Multiple growth factors regulate coronary embryonic vasculogenesis.

Mechanisms regulating coronary vascularization are not well understood. To test hypotheses regarding the influence of key growth factors and their interactions, we studied vascular tube formation (vasculogenesis) in collagen gels onto which quail embryonic ventricles were placed and incubated in the presence of growth factors or inhibitors. Vasculogenesis in this model is dependent on tyrosine kinase receptors, since tube formation was totally blocked by genestein. Tube formation was attenuated when anti-bFGF or anti-VEGF neutralizing antibodies were added to the medium and nearly completely inhibited when the both were added. The attenuation associated with anti-VEGF was due primarily to a decrease in assembly of endothelial cells, while that associated with bFGF was primarily due to a reduction in endothelial cells. Soluble tie-2, the receptor for angiopoietins, also had an inhibitory effect and, when added with either anti-bFGF or anti-VEGF, markedly attenuated tube formation. At optimal doses, tube formation was enhanced 6.5-fold by bFGF and 2.5-fold by VEGF over the controls.

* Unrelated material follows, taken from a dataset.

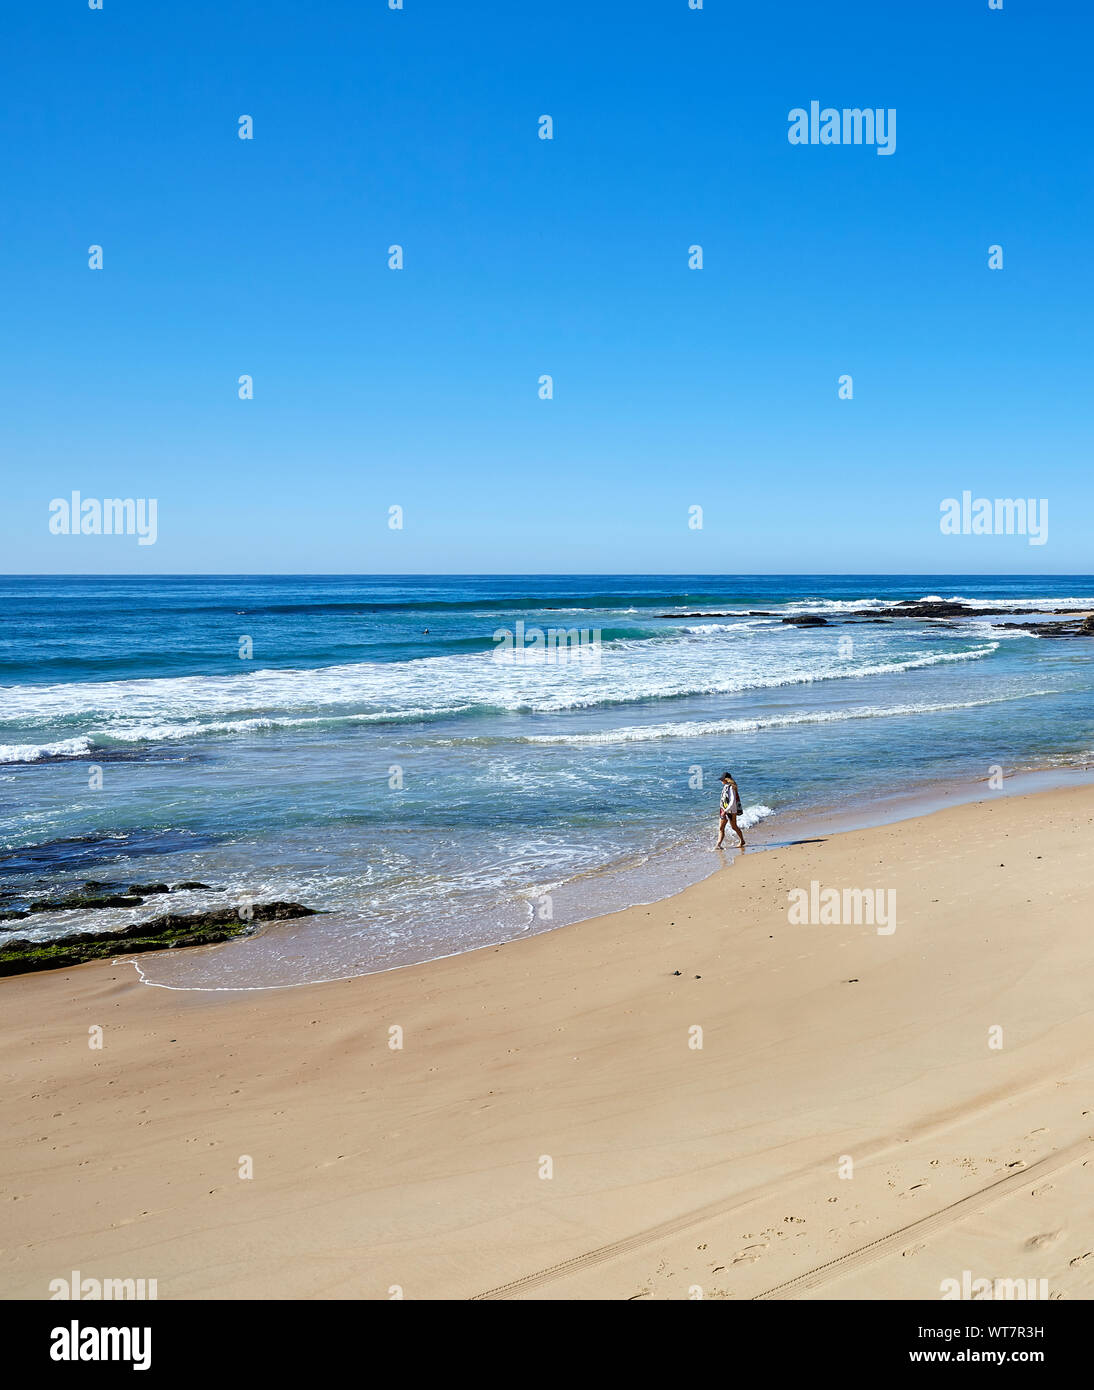 Vista de una playa con una persona en la distancia caminando por el borde de las aguas como la marea entra en un soleado día de otoño despejado en Australia Foto de stock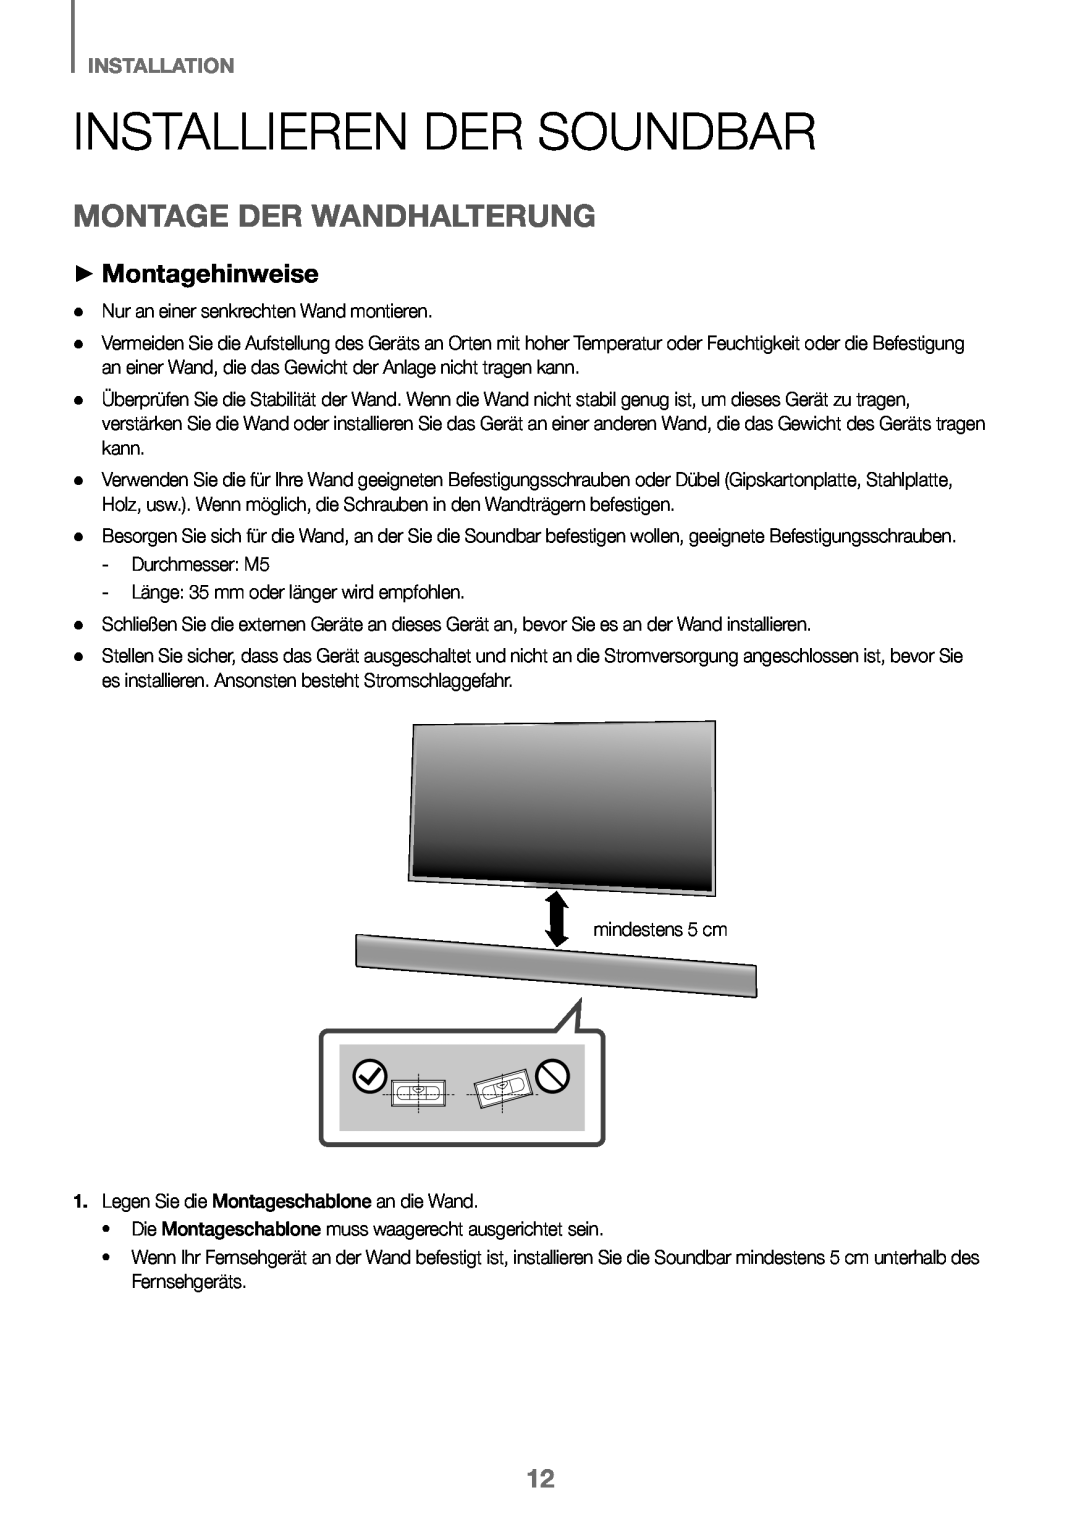 Samsung HW-J450/ZF, HW-K450/EN manual Installieren Der Soundbar, Montage Der Wandhalterung, ++Montagehinweise, Installation

Each of these growth factors was dependent upon the other for optimal induction of tube formation, since neutralizing antibodies to one markedly reduced the potency of the other. VEGF potency was also markedly reduced when soluble tie-2 was added to the medium. Tube formation was virtually totally blocked by exogenous TGF-beta at doses > 1 ng/ml, while neutralizing TGF-beta antibodies enhanced tube formation 2-fold in the 30 ng-30 microg range. These data provide the first documentation of multiple growth factor regulation of coronary tube formation.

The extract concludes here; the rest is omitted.